Re: Issues with Quorum Commit

From: Josh Berkus <josh(at)agliodbs(dot)com>
To: pgsql-hackers(at)postgresql(dot)org
Subject: Re: Issues with Quorum Commit
Date: 2010-10-05 22:14:22
Message-ID: 4CABA33E.8020802@agliodbs.com
Views: Raw Message | Whole Thread | Download mbox | Resend email
Thread:
Lists: pgsql-hackers

Simon, Robert,

> The points appear to be directed at "quorum commit", which is a name
> I've used. But most of the points apply more to Fujii's patch than my
> own.

Per previous discussion, I'm trying to get at what reasonable behavior
is, rather than targeting one patch or the other.

> I can only presume that Josh wants to prevent us from adopting a
> design that allows sync against multiple standbys.

Quorum commit == "X servers need to ack for commit", where X > 1.
Usually done as "X out of Y servers must ack", but it's not a given that
the master needs to know how many servers there are, just how many ack'ed.

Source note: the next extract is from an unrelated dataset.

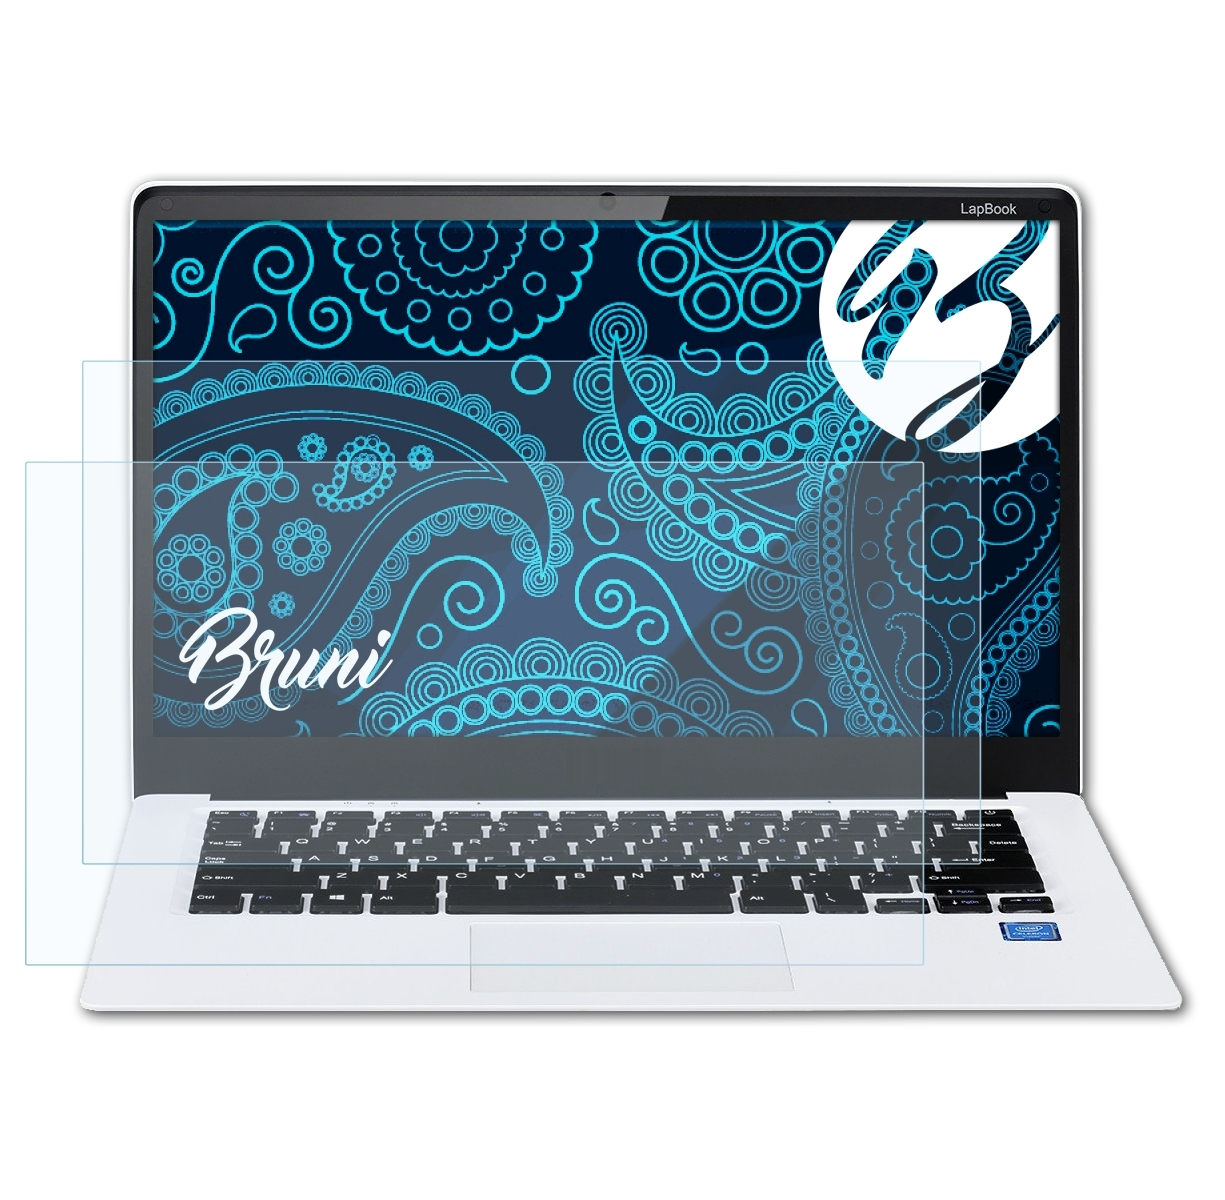 2x Chuwi LapBook Schutzfolie(für BRUNI 14,1) Basics-Clear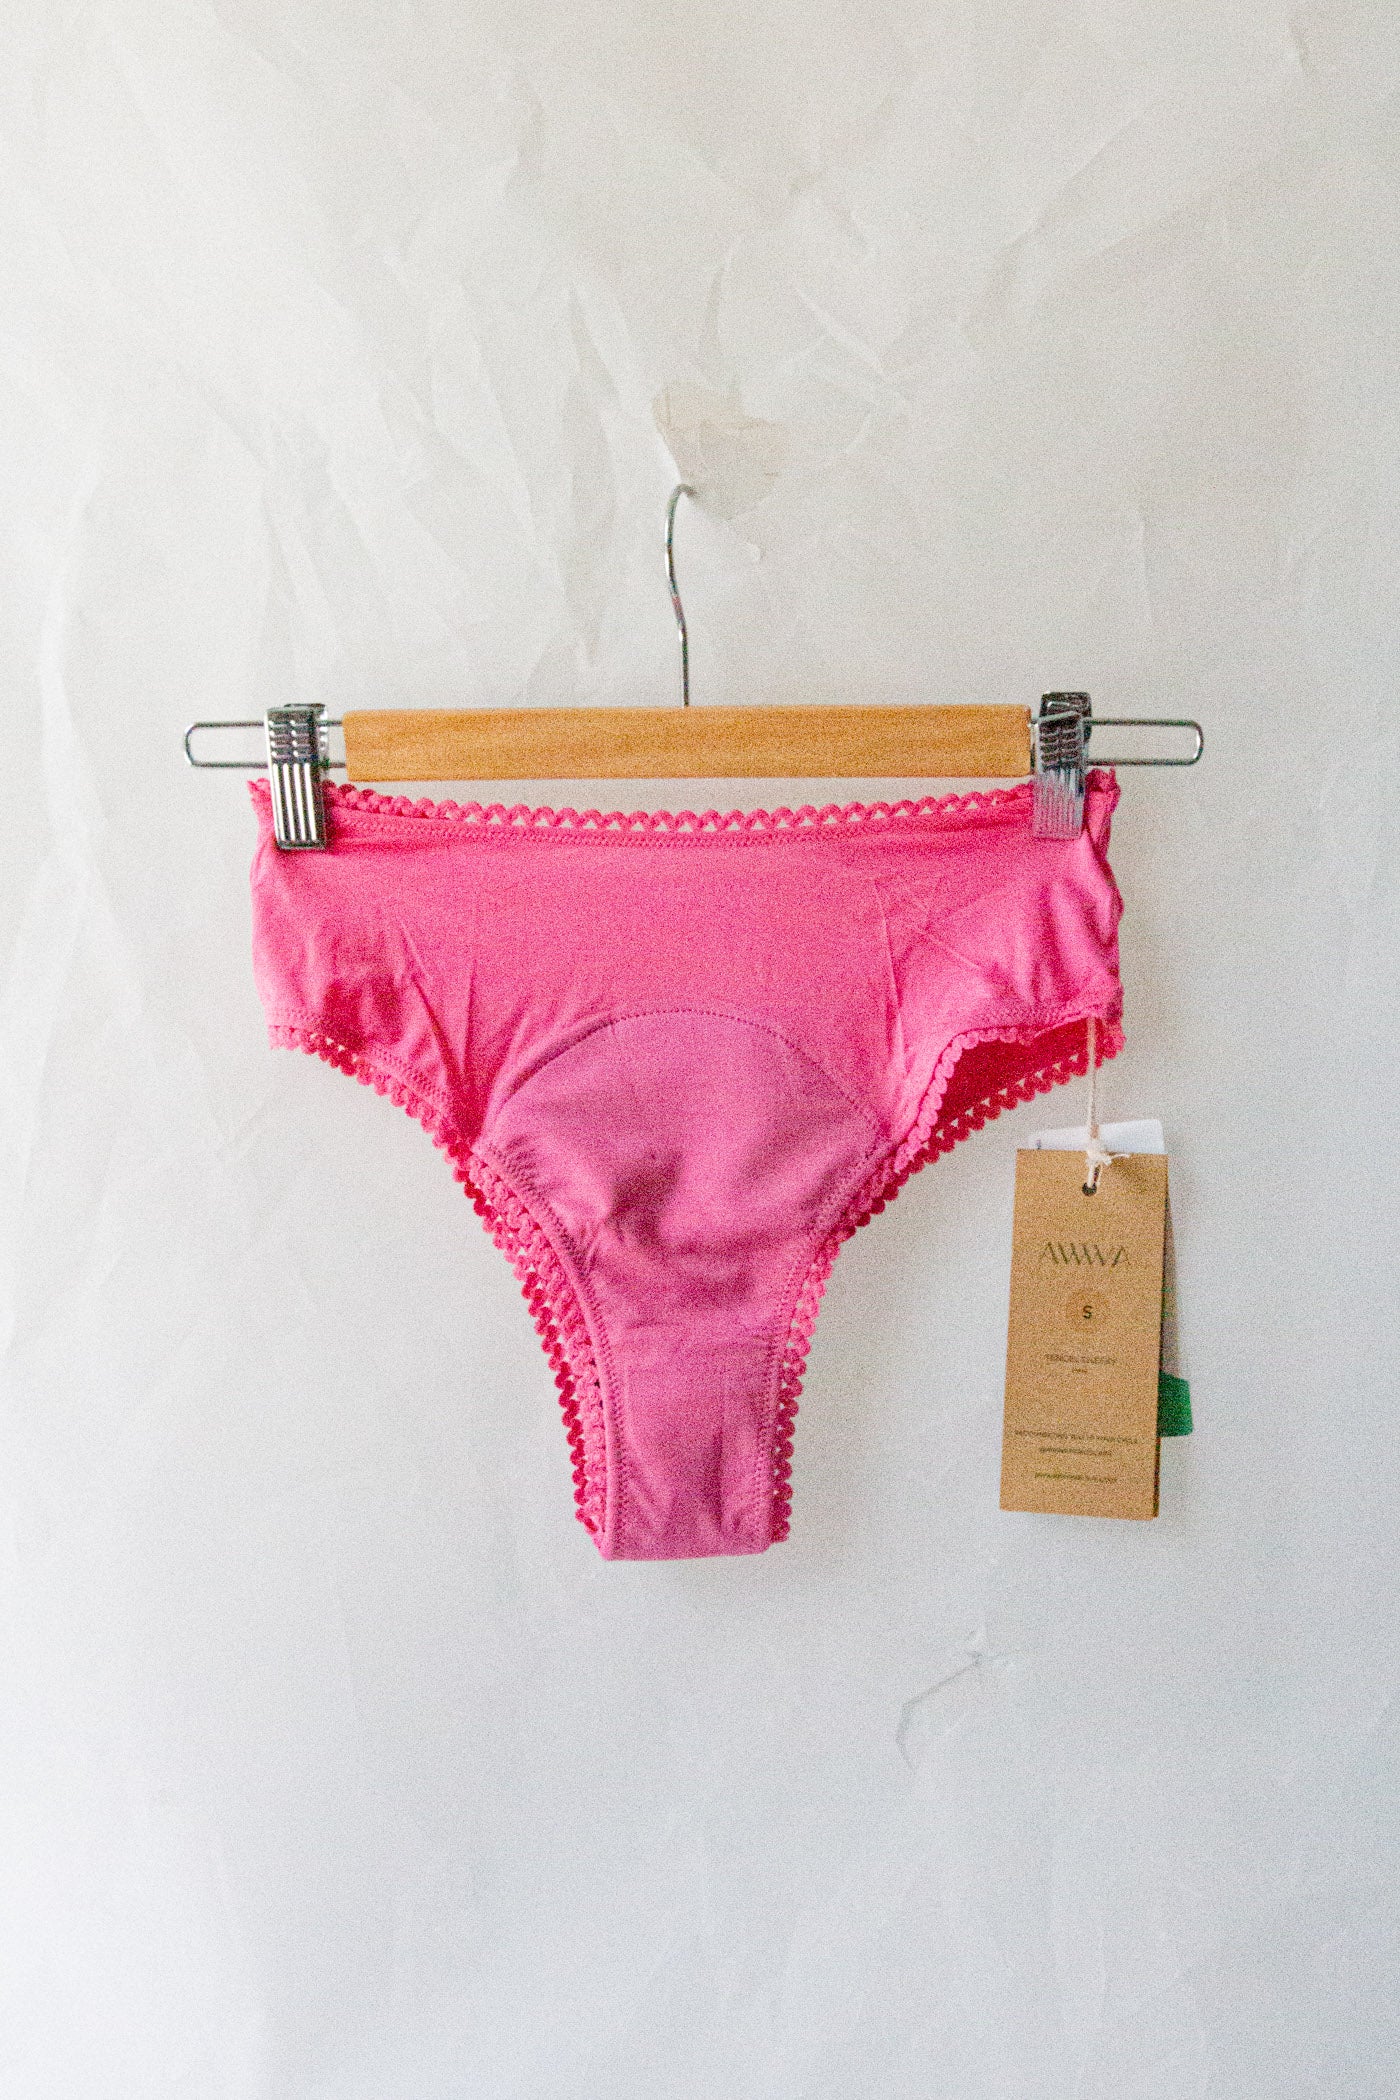 NEW Period Panties » DIY Naturally »South Africa

And I'm not against it; I'm just pointing out that it gives us some
issues which we don't have with a single standby, and thus quorum commit
ought to be treated as a separate feature in 9.1 development.

>> The master can not roll back or cancel the transaction. That's
>> completely infeasible, the WAL record has been written to local disk
>> already. The best it can do is halt and wait for enough standbys to
>> appear to fulfill the quorum. The client will hang waiting for the
>> COMMIT to finish, and the transaction will appear as in-progress to
>> other transactions.
>
> Yes, that point has long been understood. Neither patch does this, and
> in fact the issue is a completely general one.

So, in that case, if it's been 10 minutes, and we're still not getting
ack from standbys, what's the exit strategy for the hapless DBA?
Practically speaking? Without restarting the master?

Last I checked, our goal with synch standby was to increase availablity,
not decrease it. This is, however, not an issue with quorum commit, but
an issue with sync rep in general.

> Could the person that wrote that actually explain what a "specific
> window of synchronicity" is? I'm not sure whether to agree, or disagree.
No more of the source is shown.